Le GDPR et la préservation des archives privées

Le thème auquel est consacrée la journée d’étude concerne l’exercice et la garantie de deux droits fondamentaux de la personne : l’un, relatif à la protection des données personnelles, expressément protégé par l’article 8 de la Charte des droits fondamentaux de l’Union européenne, l’autre, à la recherche historique, protégé par l’article 9 de notre Charte constitutionnelle.

Le Règlement 2016/679 de l’UE et notre Code actuel pour la protection des données à caractère personnel, qui prévoit des garanties et des exceptions au traitement à des fins de conservation dans l’intérêt public, de recherche scientifique ou historique ou à des fins statistiques, appliquent en fait le droit de l’équilibre entre droits ou principes constitutionnels : En effet, la finalité de la recherche historique, telle que l’archivage dans l’intérêt public, la recherche scientifique ou à des fins statistiques, n’est pas considérée comme incompatible avec les différentes finalités initiales pour lesquelles les données à caractère personnel ont été soumises au traitement – exception au principe de limitation du traitement – et elle légitime une conservation des données pour des périodes excédant la réalisation de la finalité initiale – exception au principe de limitation du stockage1.

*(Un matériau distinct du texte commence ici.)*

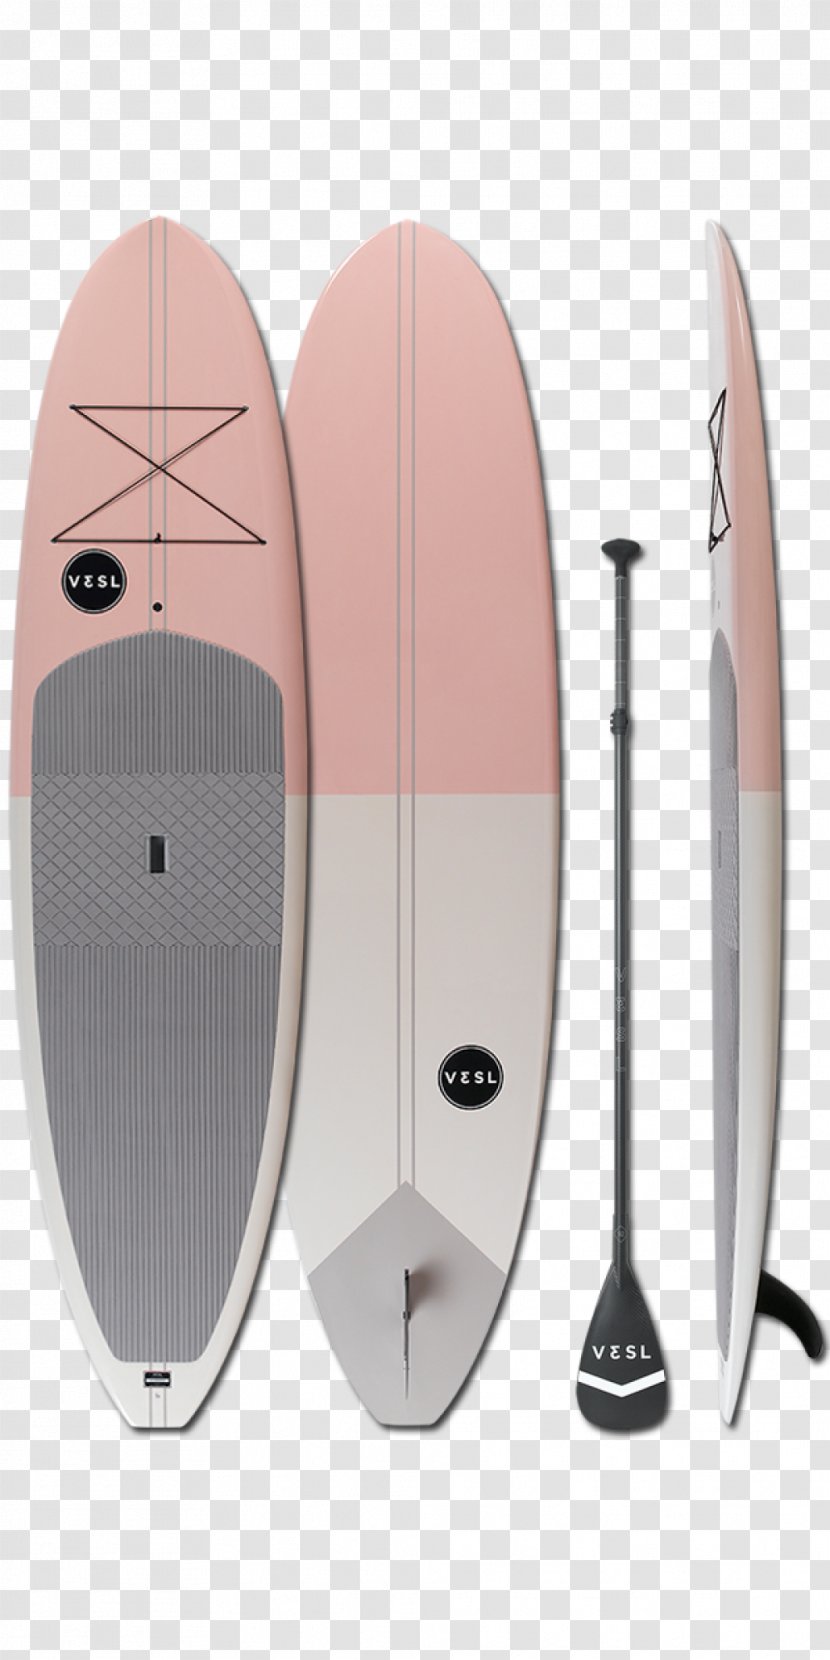 Surfboard Standup Paddleboarding Surfing Sporting Goods - Paddle - Board Transparent PNG

En ce qui concerne les points soulignés ci-dessus, un aspect mérite une attention particulière :

notre Code, en énumérant les traitements considérés d’intérêt public significatifs effectués par des sujets qui accomplissent des tâches d’intérêt public ou liées à l’exercice des pouvoirs publics, comprend :

“cc) les traitements effectués à des fins d’archivage dans l’intérêt public ou de recherche historique, concernant la conservation, l’organisation et la communication des documents conservés dans les archives de l’État, dans les archives historiques des organismes publics ou dans les archives privées déclarées d’intérêt historique particulièrement important, à des fins de recherche scientifique ainsi qu’à des fins statistiques par des sujets appartenant au système statistique national (Sistan) “. (Art. 2 – sexies c. 2)

La question se pose donc : les traitements effectués par des organismes privés dans le cadre des fonctions de conservation et de valorisation de leurs archives historiques sont-ils légitimes, conformément à la discipline renouvelée de la protection des données personnelles ?

L’interprétation selon laquelle, pour autoriser le traitement de données à caractère personnel à des fins de recherche historique par des organismes privés, la déclaration d’intérêt historique considérable du patrimoine documentaire détenu est essentielle (articles 13 et 14 du Code des biens culturels), semble être en contradiction avec le caractère constitutionnellement protégé de la recherche historique.

Notre Constitution, comme on le sait, garantit la liberté d’exercer les droits du savoir (art. 33).

Sur la base de ce principe, une interprétation de la notion de traitement à des fins de recherche historique apparaît donc extrêmement restrictive, voire trompeuse, en tant que prérogative exclusive des sujets publics ou des différents organismes qui ont reçu une imprimatur d’une autorité publique (la déclaration d’intérêt historique notable).

La recherche historique est libre et ce principe constitutionnel implique que les sujets privés peuvent mener des activités de recherche sans aucune limitation quant au matériel disponible.